Now, it’s important to note that all of these rules interacted with each other (as well as with other rules and factors, such as school and student characteristics) to produce outcomes.
For instance, 23 states opted to use the most generous confidence intervals (which, by itself, “inflates” AYP rates), but these states did not have appreciably higher AYP rates, on average. The reason is that they also tended to choose other options (e.g., minimum subgroup sample size requirements) and/or they exhibited characteristics (e.g., tested grades, student characteristics) that, on the whole, “cancelled out” the differences.
From this perspective, it would be fascinating to look at the results of this paper in terms of general strategies and principles reflected in the decisions states made. Such coherence may not be easy to decipher – some choices increased failure rates, whereas others were certain to lower them. States varied in their decision making structures and resources, and they only had a relatively short period of time to devise their plans (which often had to be rectified with pre-existing accountability policies).
Many state-level NCLB configurations ended up being complex, sometimes inconsistent webs of rules that reflected varying incentives and priorities. Making things worse, the ESEA waivers that most states have submitted will only result in more heterogeneity (see this paper by Morgan Polikoff and colleagues).

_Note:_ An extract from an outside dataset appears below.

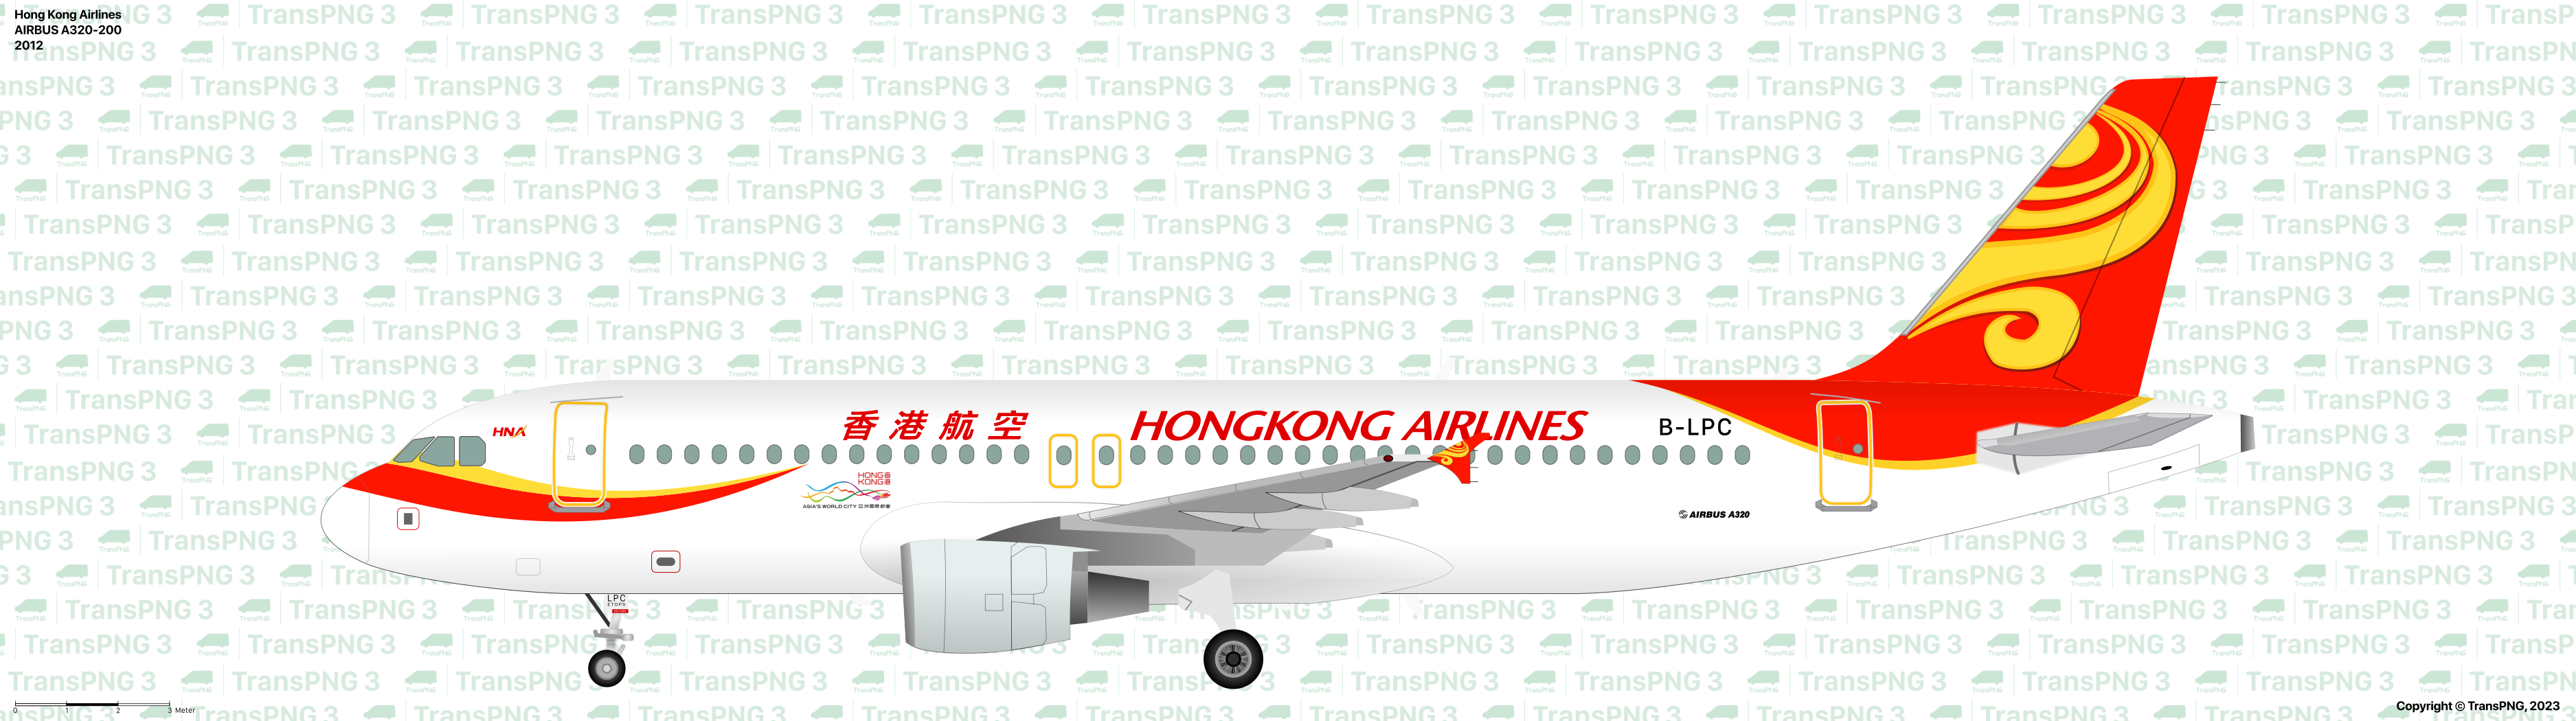 TransPNG.net | 分享世界各地多種交通工具的優秀繪圖 - 客機 53190105099_d2351001ca_o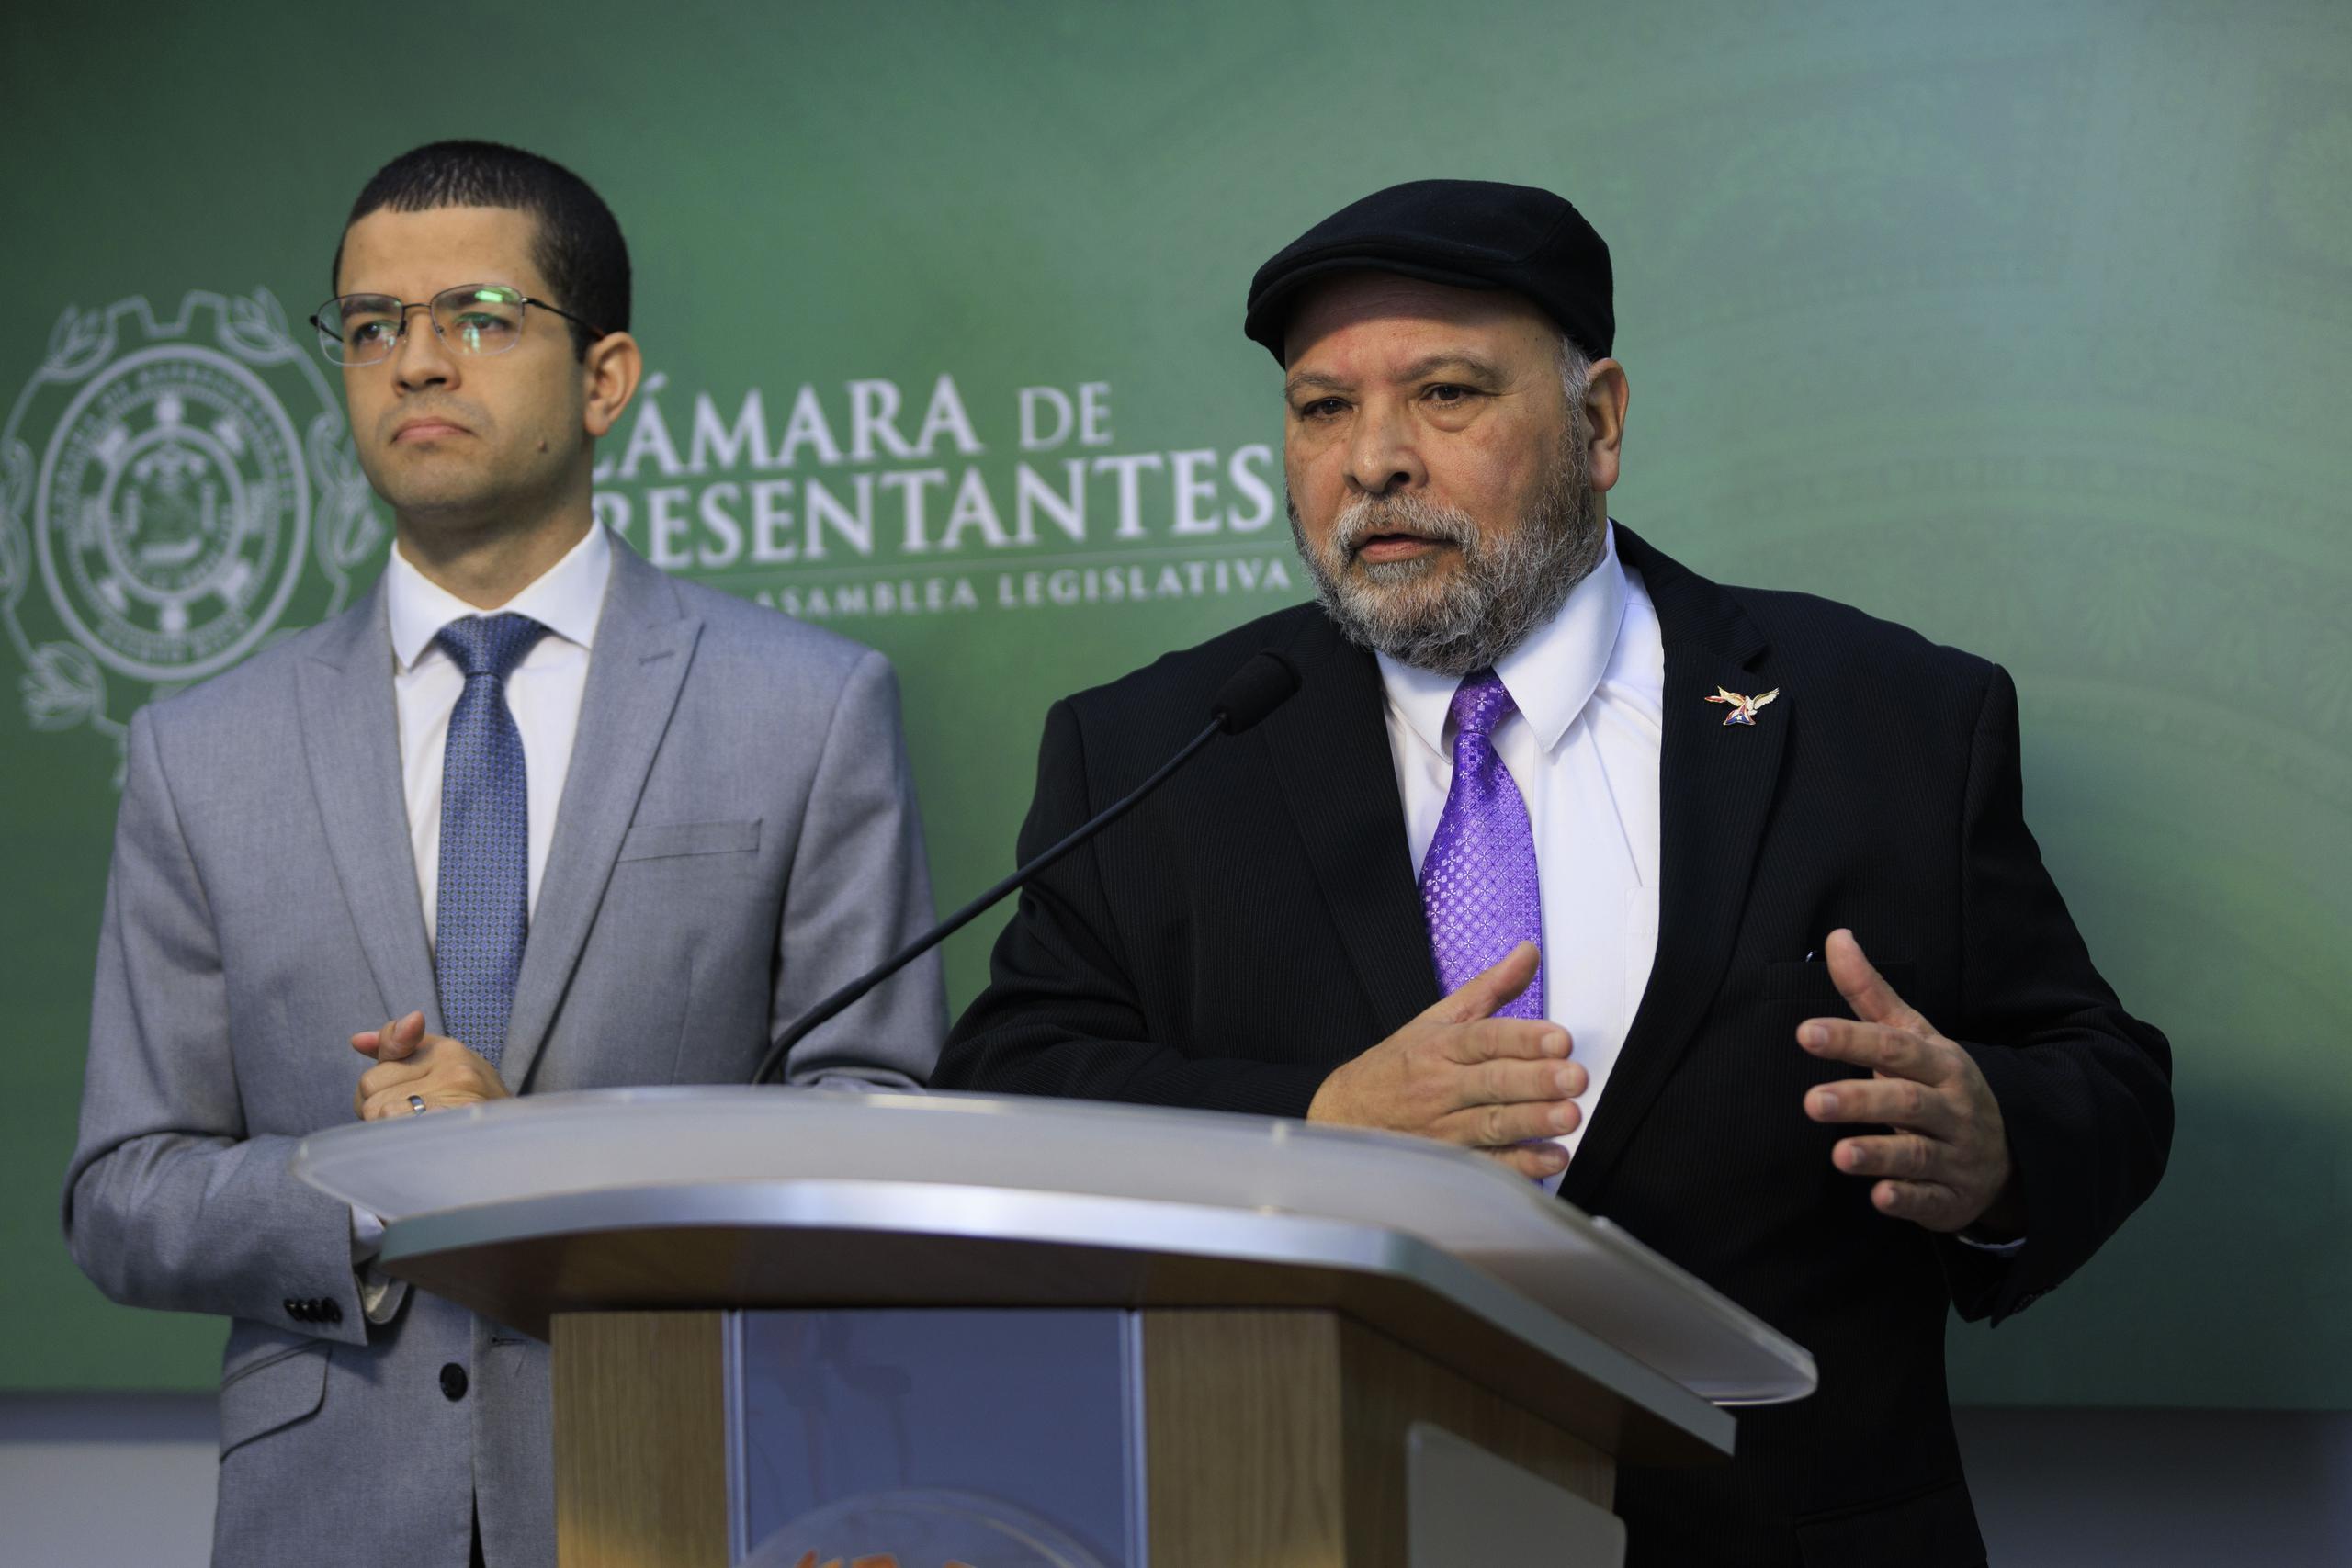 Los representantes José Bernardo Márquez y Luis Raúl Torres Cruz durante la conferencia de prensa.

This is not quite how accountability systems are supposed to work, and, as the authors of this paper note, it illustrates the ever-present difficulty of finding the right balance between standardization and flexibility in policy design/implementation.
(It should be lost on no one that these issues are extremely relevant to the current efforts in over 30 states to install new principal and/or teacher evaluations.)
There are a couple of other quick takeaways from this paper. First, after roughly a decade of NCLB, most everyone seems to have a strong opinion on whether and why it worked, but, in many respects, the truth is that we still have a lot to learn about how the law shook out, to say nothing of its impact on school performance and other outcomes (see here and here). Building a body of good research often takes time, particularly in the case of landmark policies such as NCLB.
Finally, and perhaps most importantly, accountability systems can play a productive role in education, but this analysis demonstrates very clearly that, when it comes to the design and implementation of these systems, details matter. Seemingly trivial choices can have drastic effects on measured outcomes.
In short, phrases such as “we need to hold schools accountable” sound wonderful, but what really matters is how we do so.